How car finance and diesel emissions could be the carmakers’ undoing

Who should be most worried about the collapse in the price of diesel cars? For most commentators it is those who don’t own their cars outright. Personal contract plans (PCPs ) now account for nine in every ten car sales and mean that pretty much anyone with a job can nip down to a car showroom and drive off in a brand new car.

Forty percent of those who do that, drive off in a brand new diesel car – the value of which is now falling fast (by anything from 9%-20% from pre-diesel-scare levels so far depending on who you listen to). That means that anyone wanting to get out of their PCP deal early could find themselves with a nasty bill.

A PCP deal is based on an assumed value for the car at the end of the term (usually three years). At the end of the term you return the car. You can buy it for that assumed value – now a guaranteed minimum value. Or you can leave it.

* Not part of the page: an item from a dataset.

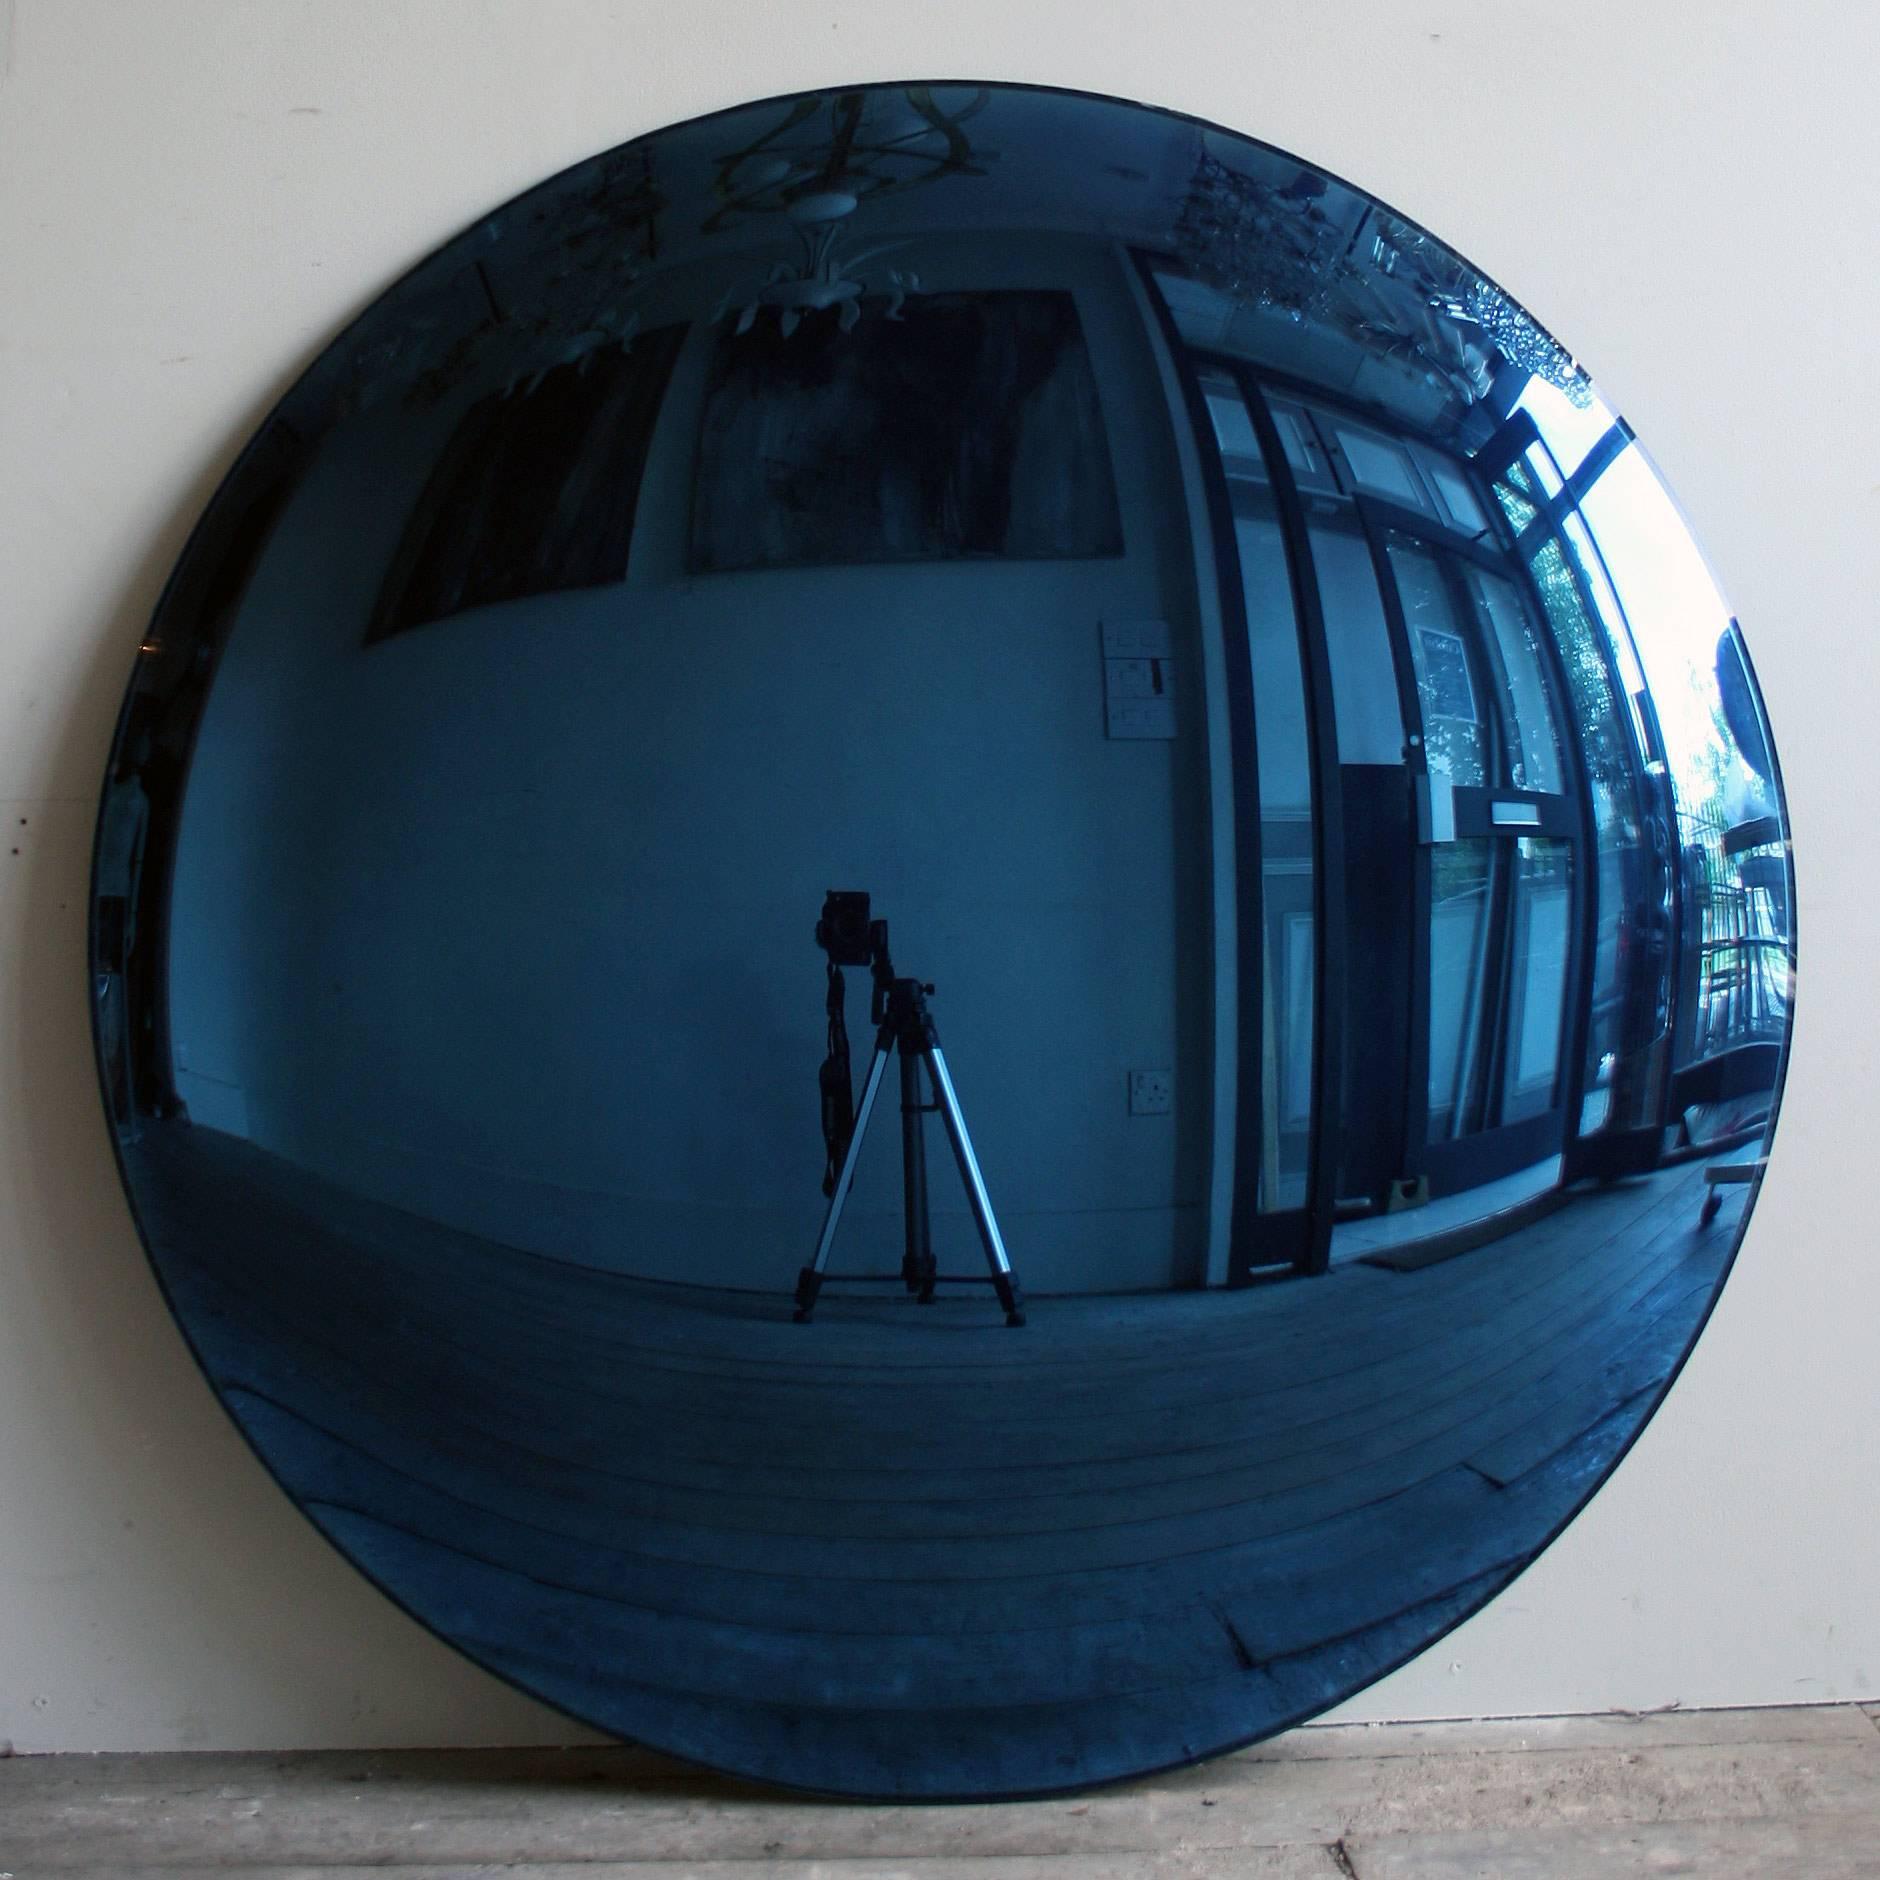 A large Blue Convex mirror 100cm in diameter, each mirror is unframed but come with x3 bespoke clips for wall installation. A real statement piece!

All color mirrors have a two-three week lead time as all made to order.

As each piece is

If you leave it (as most people do) and the car is worth more than the minimum value, you can use that “equity” to reduce the deposit on your next deal. But if you break the deal before the end, there is no guaranteed minimum – if the car has depreciated faster than assumed, you have to pay the difference. Doesn’t sound nice, does it?

But to look at the problem from the point of view of the car buyer is to look at it the wrong way around. Most buyers will complete the three-year term: the payments are relatively low and they will have budgeted for them. They might have no equity at the end, but they will have no debt either. There is no real problem. They can downgrade or get the bus.

It is the finance firms who will have the problem: they will have guaranteed minimum values that may well now turn out to be significantly higher than the actual resale value of the diesel cars. So, thanks to optimistic forecasts about the future path of the used car market (this sounds familiar because it is exactly what happened to mortgage lenders in the housing bubble), they will be taking a hit on every car returned. And that, as Stuart Pearson of Exane BNP Paribas told the FT, is going to be the thing that “pulls the rug from under the “great lease bubble.”

There are hints of what might happen next in the US: last November, Hertz took a $63m “depreciation adjustment charge” against its profits as it changed its assumptions (down…) about the resale value of cars coming off financing deals.

In the UK, 70% of PCP deals come from the leasing divisions of the big car companies. As prices fall they are the place to look if you want to see the pain appearing.